Posted by Samprimary (Member # 8561) on :
Whether or not Mars One puts anyone on mars is not the question (they won't, and people paying into them with application fees are especially idiotic) — it's whether or not Mars One is a knowing con job, or the product of profoundly naive confidence in an unworkable idea.
Posted by Lyrhawn (Member # 7039) on :
Russian space budget isn't bad, but it's still relatively chump change. I know the Chinese only currently spend a fifth as much as the Russians, but they'll overtake them in the near future.
Posted by Teshi (Member # 5024) on :
I'd like to point out here that in 2008 I wrote a short lived fictional blog set on Mars in which the first Mars Colony was an ill-fated "Survivor: Mars" series.
Except, I suggested this would happen in 2461, misjudging our travel possibilities (although I don't think this is going to work out) by I'd say maybe 400 years. (But allowing for some terraforming and missions to have already taken place, instead of this being the first manned mission.)
quote:Originally posted by Samprimary: Serious question here for anyone who would seriously want to sign up on this trip:
could you in all honesty be described as someone who has a penchant for poor life choices
You could also ask this question of anyone signing up for a military deployment to the middle east. You'd be missing the point (in both cases), but you can still ask the question.
Posted by Samprimary (Member # 8561) on :
"For the rights to advertise and screen this Survivor in space, Mars One estimates revenues of upwards of $8 billion, basing its estimates on the most recent Olympic Games cycle’s revenues. With this money, Mars One will then be able to purchase the spacefaring technologies that, in 10 years’ time, companies like SpaceX will have perfected, ready to send the Mars One astronauts on their journey. There is the small problem of not having the money until you have the show and not having the show until you have the technology and not having the technology until you have the money and possibly not having the technology in time, or ever, which is why, Mars One says on its website, the schedule is flexible."
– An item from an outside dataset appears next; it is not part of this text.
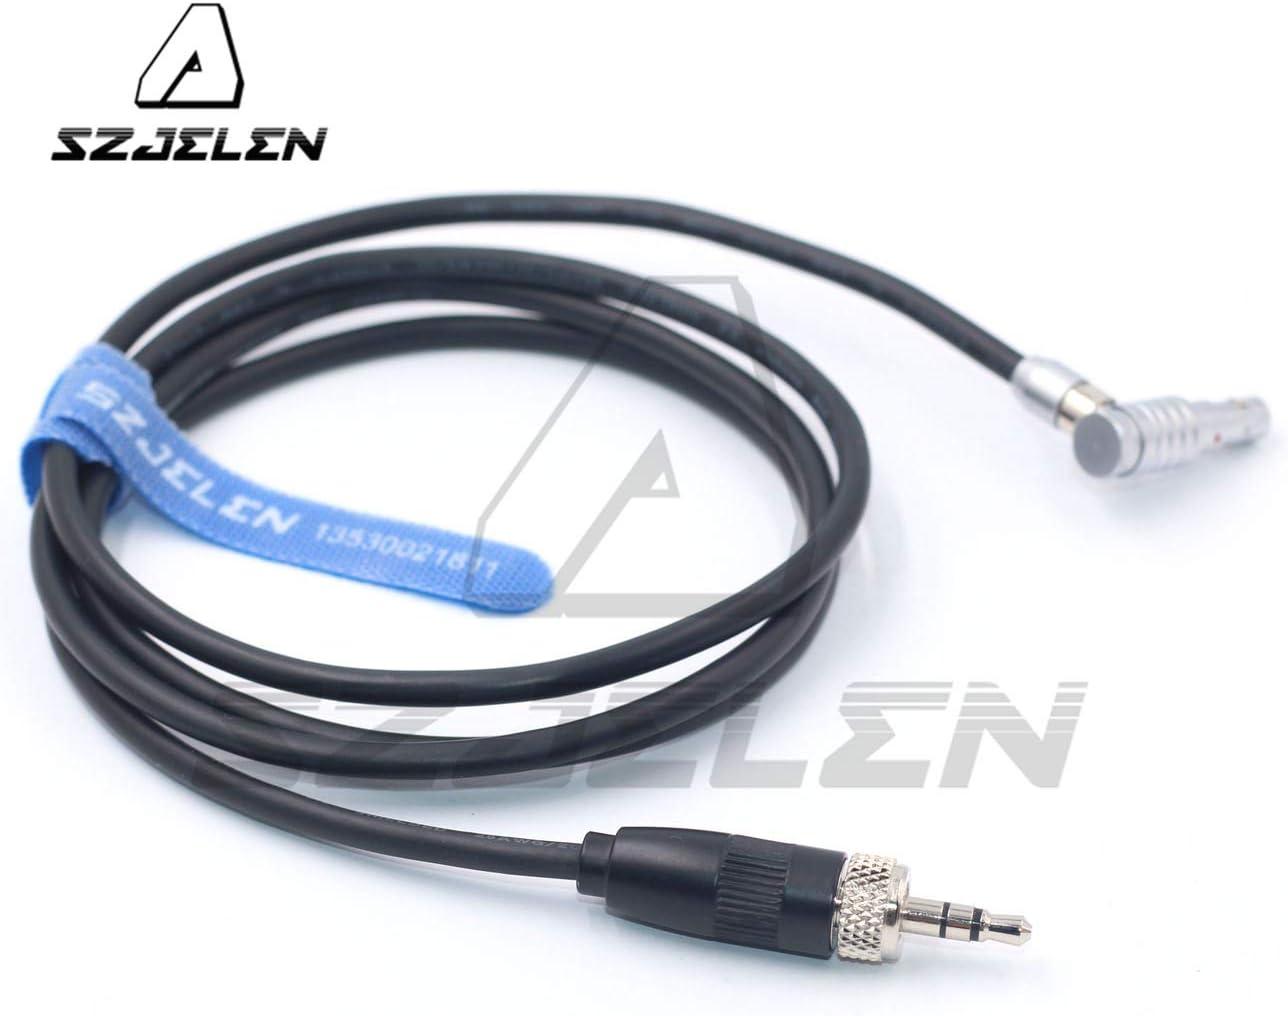 SZJELEN Right Angle 00B 5pin to 3.5mm Audio Plug for Arri Alexa Mini Audio Cable

It's almost depressing having this article profile a person gullible enough to devote his life, essentially, to this project. It's tempered by the mild humor inherent in that he's what counts as a qualified candidate in mars one's eyes (he is probably bipolar and would be a severe liability in space operations one one hundredth as taxing as mars one's plan)
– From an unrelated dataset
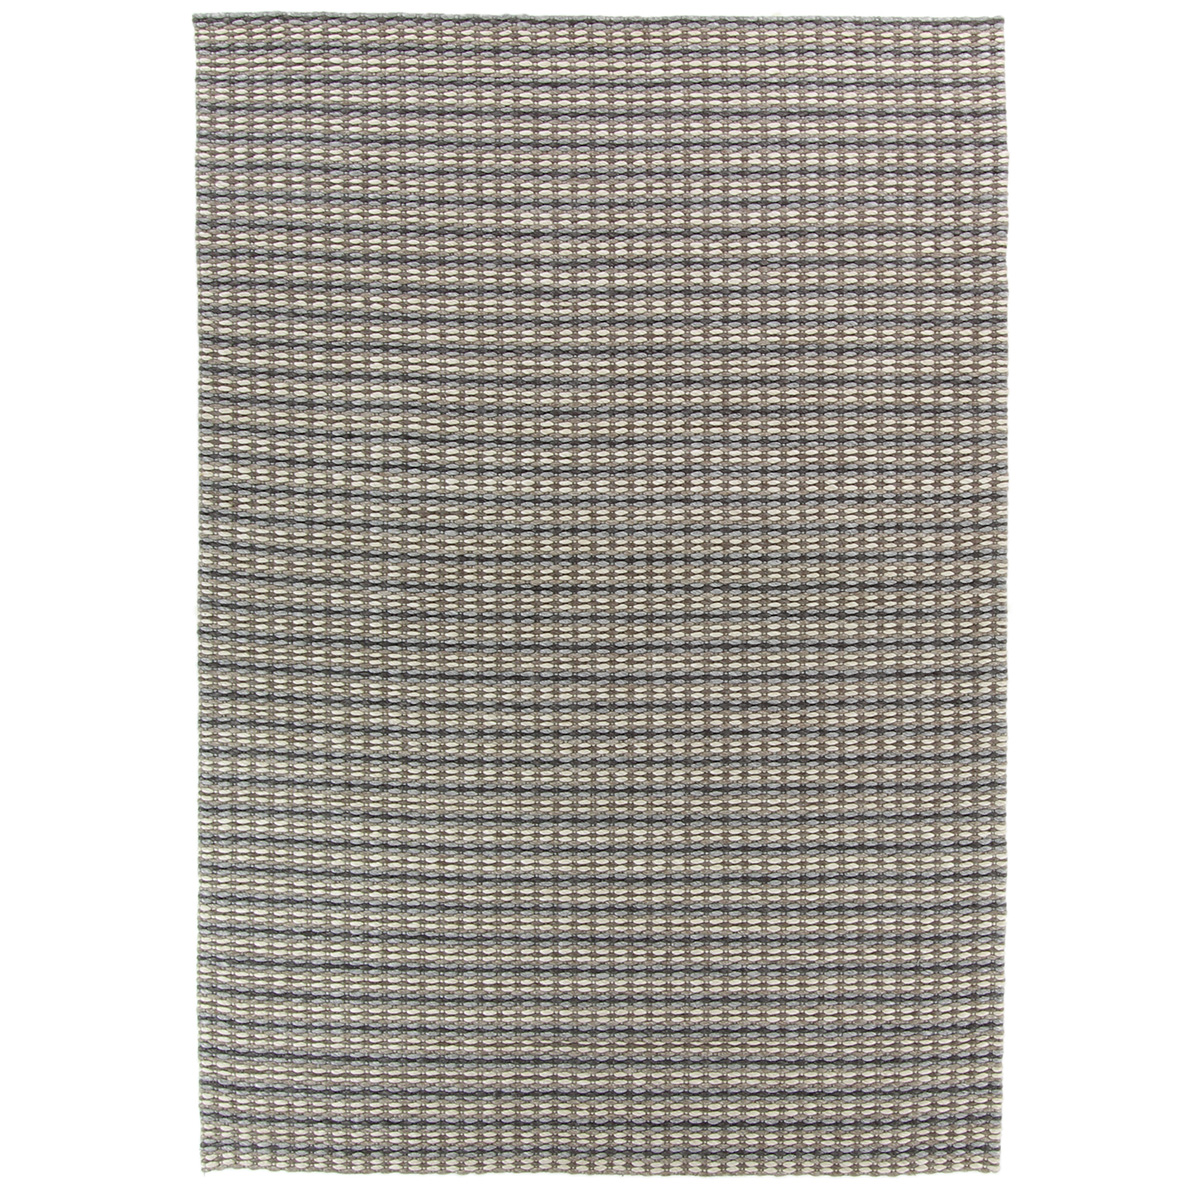 Vloerkleed Brinker Volt 03 | 160 x 230 cm

Posted by theamazeeaz (Member # 6970) on :
Didn't read the article, but there exists an Olympic Games that makes money?
Huh.
Posted by Lyrhawn (Member # 7039) on :
quote:Originally posted by theamazeeaz: Didn't read the article, but there exists an Olympic Games that makes money?
Huh.
Looking at the data, you could make a case that as recently as the 2010 Vancouver Olympics a profit was turned. Government spend I think half a billion dollars (chump change compared to what most modern Olympics cost, especially compared to their follow-up act in Sochi), but it added $2.5 billion to the GDP, and created 45,000 jobs (if temporary).
I don't know if it was a net profit, but all things considered it wasn't much of a loss.
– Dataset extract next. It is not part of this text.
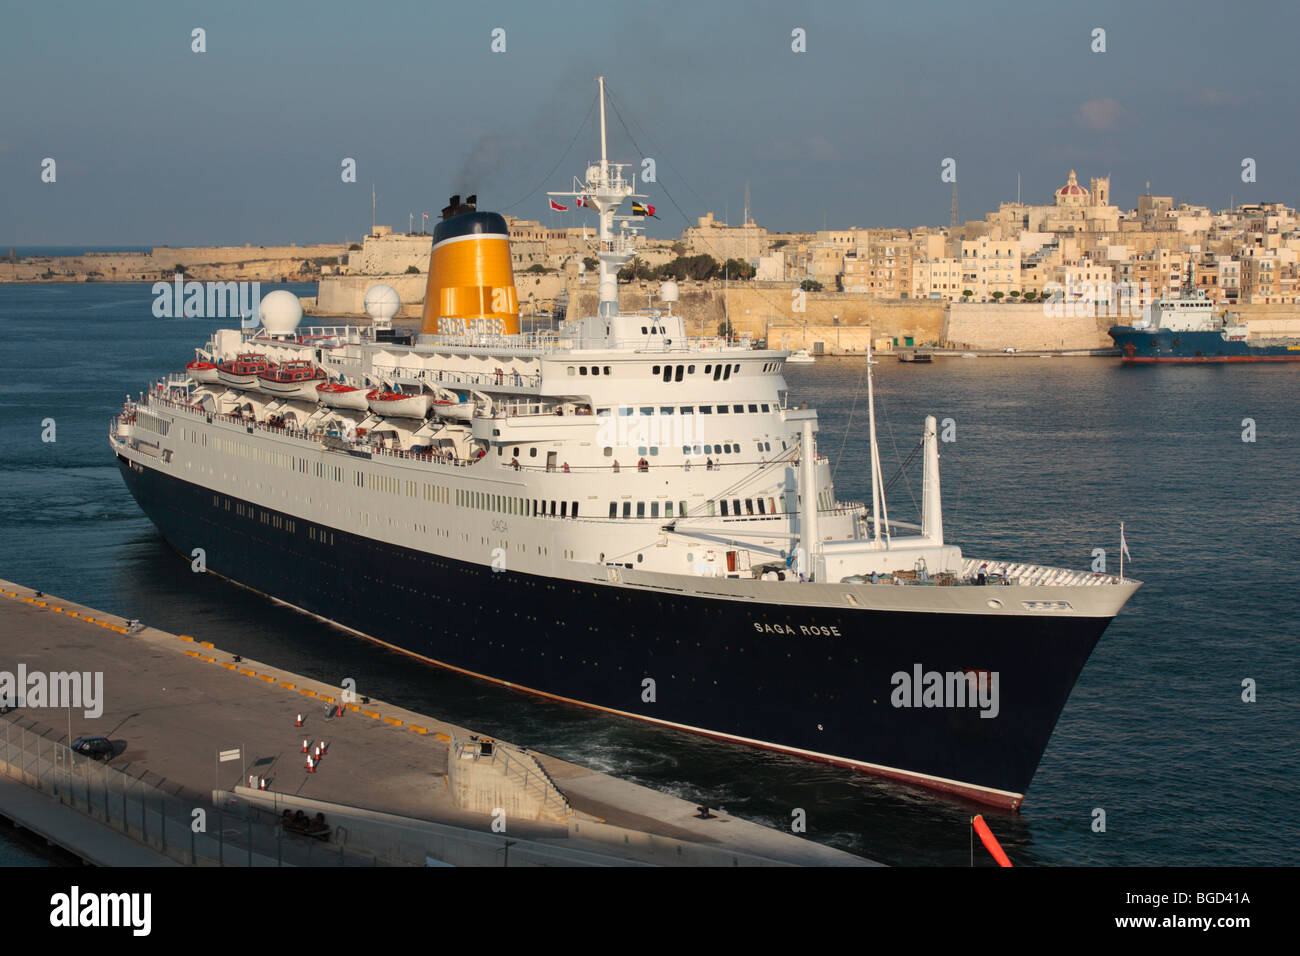 Mediterranean travel and tourism. The cruise liner Saga Rose leaving Malta's Grand Harbour - Stock Image

Posted by vineyarddawg (Member # 13007) on :
quote:Originally posted by Lyrhawn:
quote:Originally posted by theamazeeaz: Didn't read the article, but there exists an Olympic Games that makes money?
Huh.
Looking at the data, you could make a case that as recently as the 2010 Vancouver Olympics a profit was turned. Government spend I think half a billion dollars (chump change compared to what most modern Olympics cost, especially compared to their follow-up act in Sochi), but it added $2.5 billion to the GDP, and created 45,000 jobs (if temporary).
I don't know if it was a net profit, but all things considered it wasn't much of a loss.
I was under the impression that the last Olympic Games to make a profit was the 1996 Summer Olympics in Atlanta, which was roundly criticized (before the bombing, anyway) because everything had a corporate logo on it. Which was pretty much the point behind making a profit.